It isn’t literally possible to “watch the ball” in high level tennis. At least, not all the time. The ball is simply moving too quickly for your eye to track it using smooth pursuit tracking, and as such, you must follow the ball with predictive saccades instead.

This means you need to decide when to fixate on the ball. You’re only going to catch it on your fovea a few times during its flight. Given that, what times should you choose to give your brain maximum information about the ball’s movement?

The four most important parts of the flight, on which you should fixate when receiving a shot, are as follows:

  1. Your opponent’s contact
  2. Mid-air, on your opponent’s side of the court
  3. The bounce
  4. Just before your own contact

Ideally, you want to track the ball between these fixations as well, with additional saccades or with smooth pursuit, but often, it’ll be moving too fast for that. When returning fast serves, for example, you’ll typically only have time for these four fixations, and nothing more. (On a really fast serve, 115+ mph or 175+ km/h, you might even need to skip #2).

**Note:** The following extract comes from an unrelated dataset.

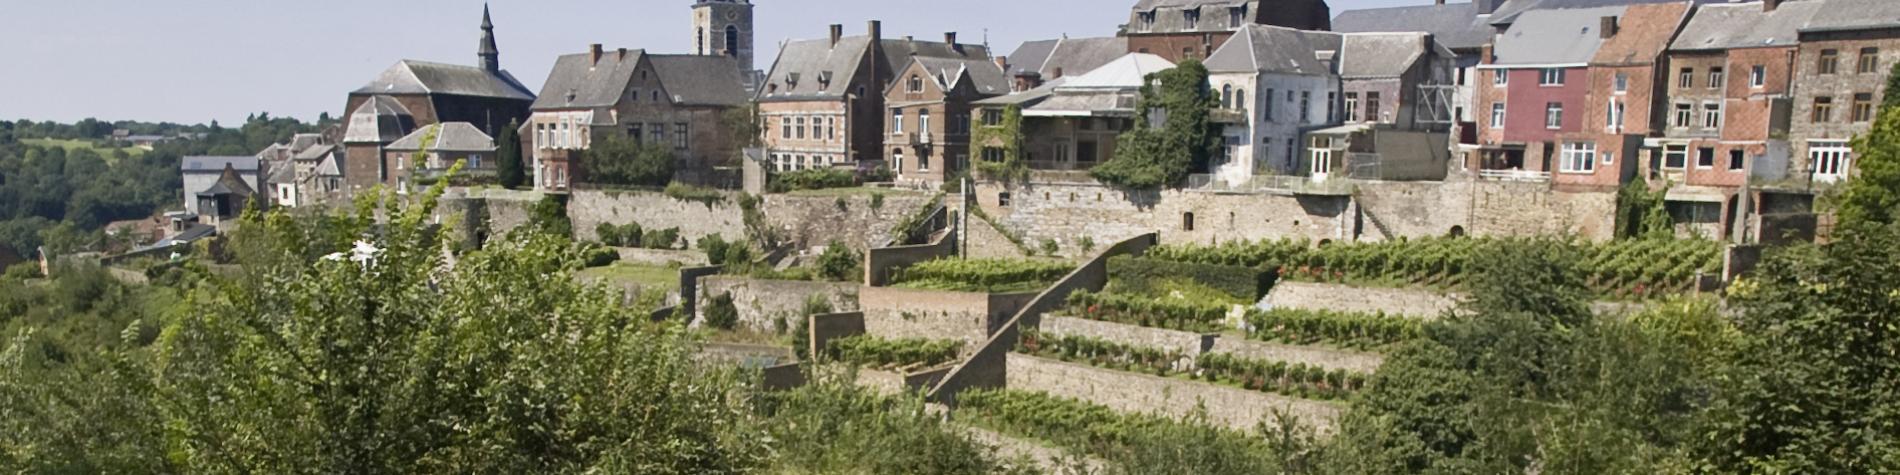 Thuin - Jardins suspendus - remparts
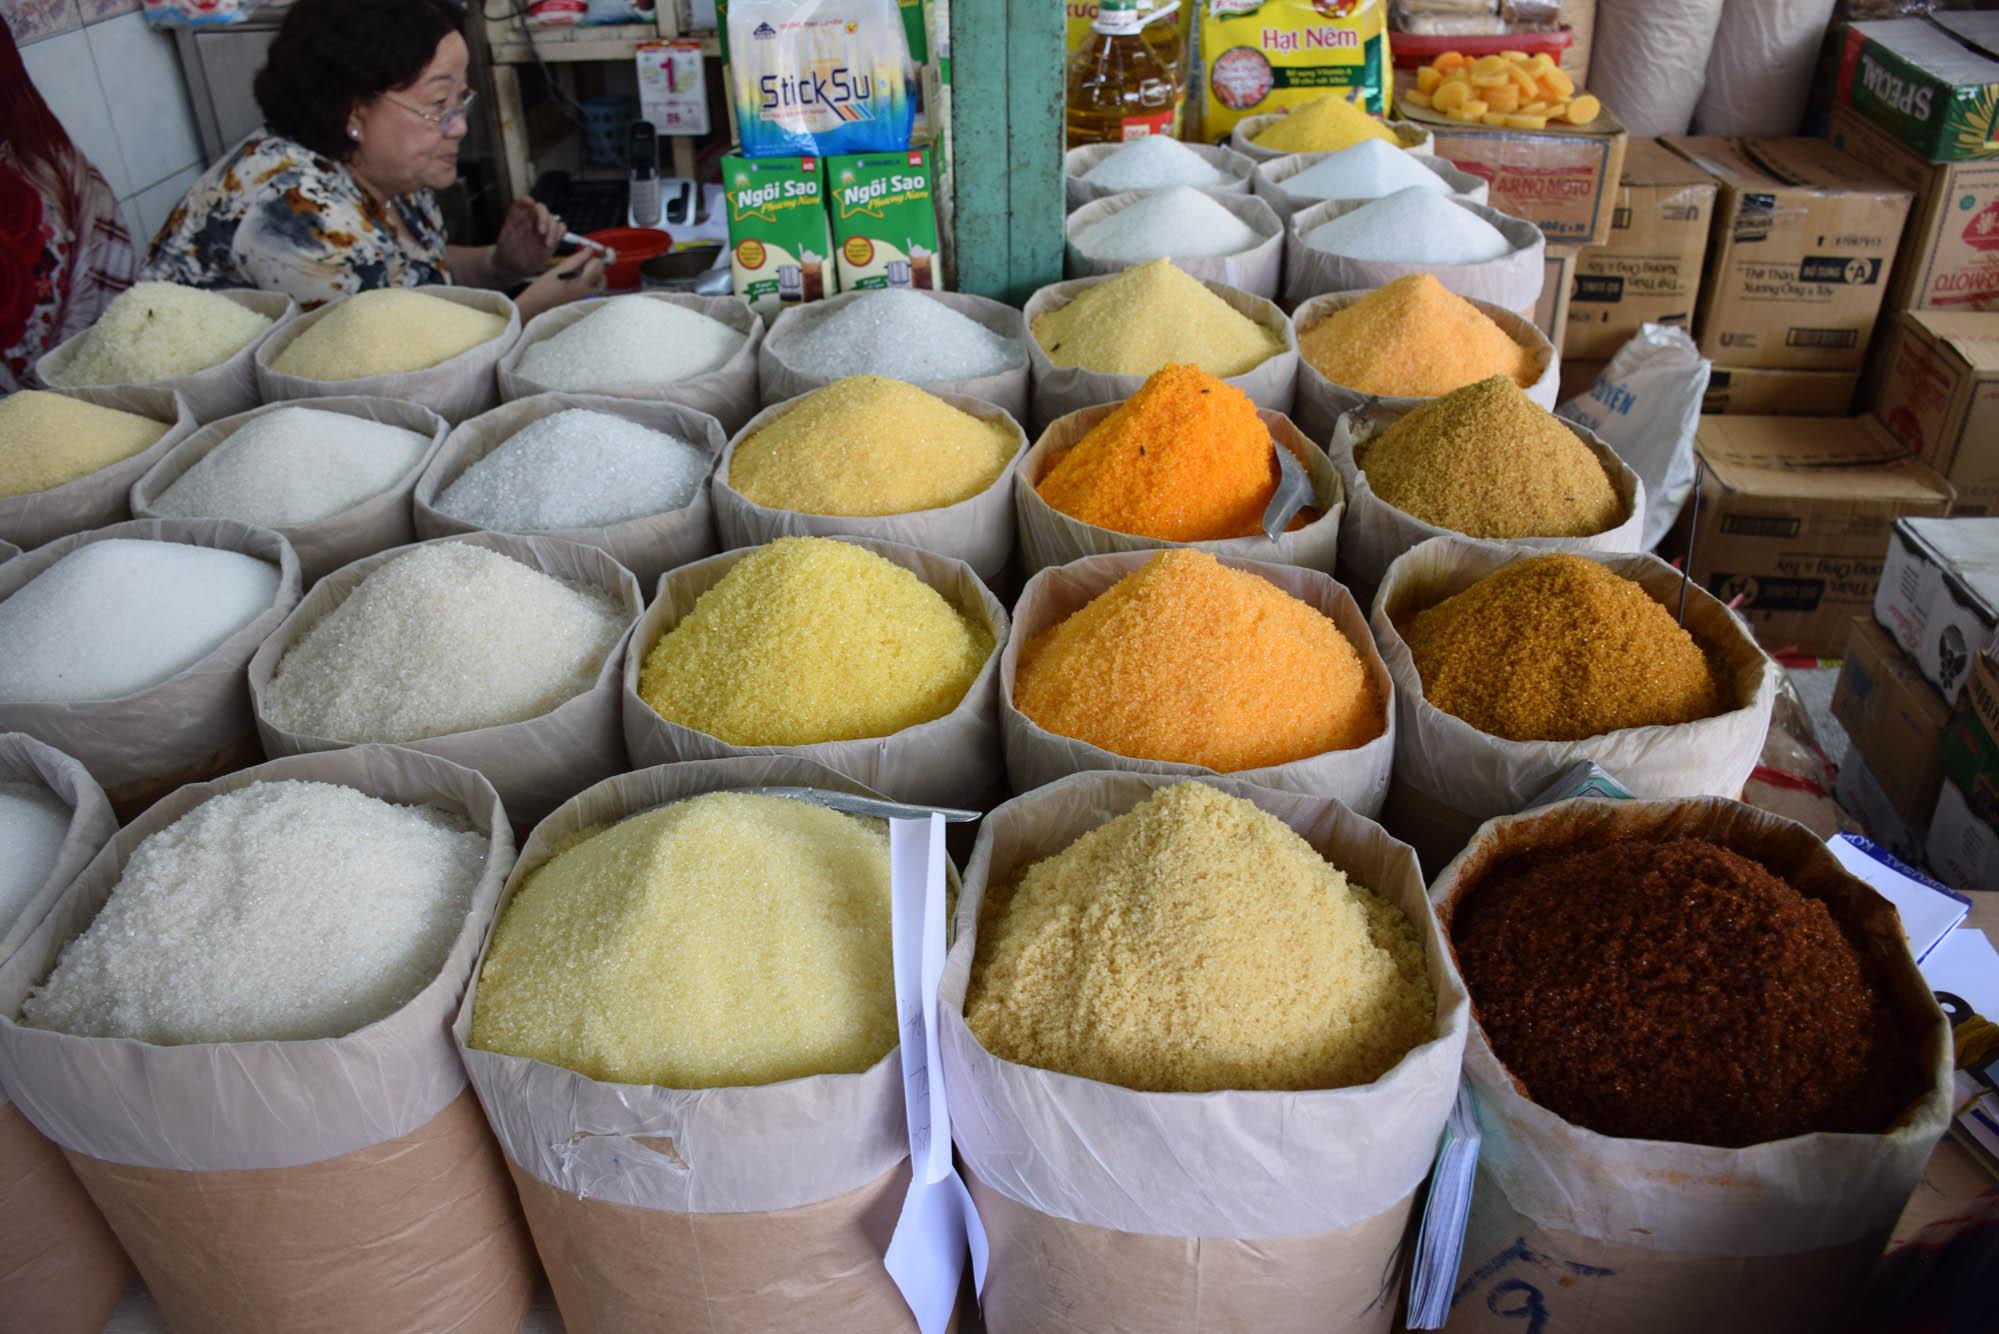 Tudo isso é AÇÚCAR!!! | Ben Thanh Market, Saigon

Rest assured, though: if you perform these four fixations correctly, finding the ball on your fovea, in crystal clear focus, at each one, then your shot will succeed, no matter how fast the incoming ball.

Only four fixations?

All tennis shots are different. Many can be tracked using smooth pursuit – just follow the ball with your eyes, and you’ll see it clearly. When receiving these shots, you’ll perform many, many fixations, without even thinking about them.

The reason we’re discussing these four specific fixations is that they form the cornerstone of receiving any tennis ball, even one struck exceptionally well; the advantage gained by using them will not decrease the higher in level you progress, as the tracking task becomes more difficult. The information gained at these four fixations is both necessary and sufficient for success: see the ball well at these points, and you can hit it, no matter how complicated its movement.

The information gained at these four fixations is both necessary and sufficient for success.

On slow shots, you’ll probably be able to see the ball clearly at more than just these four points, and that’s great – track a slow ball with as many fixations as you want, but be comfortable receiving a ball while only catching it in focus a few times. By keeping these four fixations at the center of your visual system, you ensure that your tracking won’t break down against more challenging balls, on many of which smooth pursuit tracking will be unavailable.

Example – Serve Return

If you’re used to simply “watching the ball” on serve returns, as you move up in level, you may start losing sight of it. On those faster, spinnier serves, the ball is moving too quickly through your field of vision to track using smooth pursuit. If smooth pursuit is all you’ve practiced, this puts you in a tough spot.

The “predictive” part of “predictive saccade” takes time to master.

Your brain will try to switch to predictive saccades, because that’s what the eye naturally does to track fast moving objects, but the “predictive” part of the “predictive saccade” takes time to master. Predicting a later location of the ball based on early flight information is difficult, and if you’re not used to doing it, you’re probably not going to do it very well.

That’s why it’s so important to attentively and intentionally fixate on the right points even on slower balls, on which you can get away with just randomly watching it. We need to build a habit of doing things like watching the bounce, because that practice, those repetitions, are what scale well as we move up in level.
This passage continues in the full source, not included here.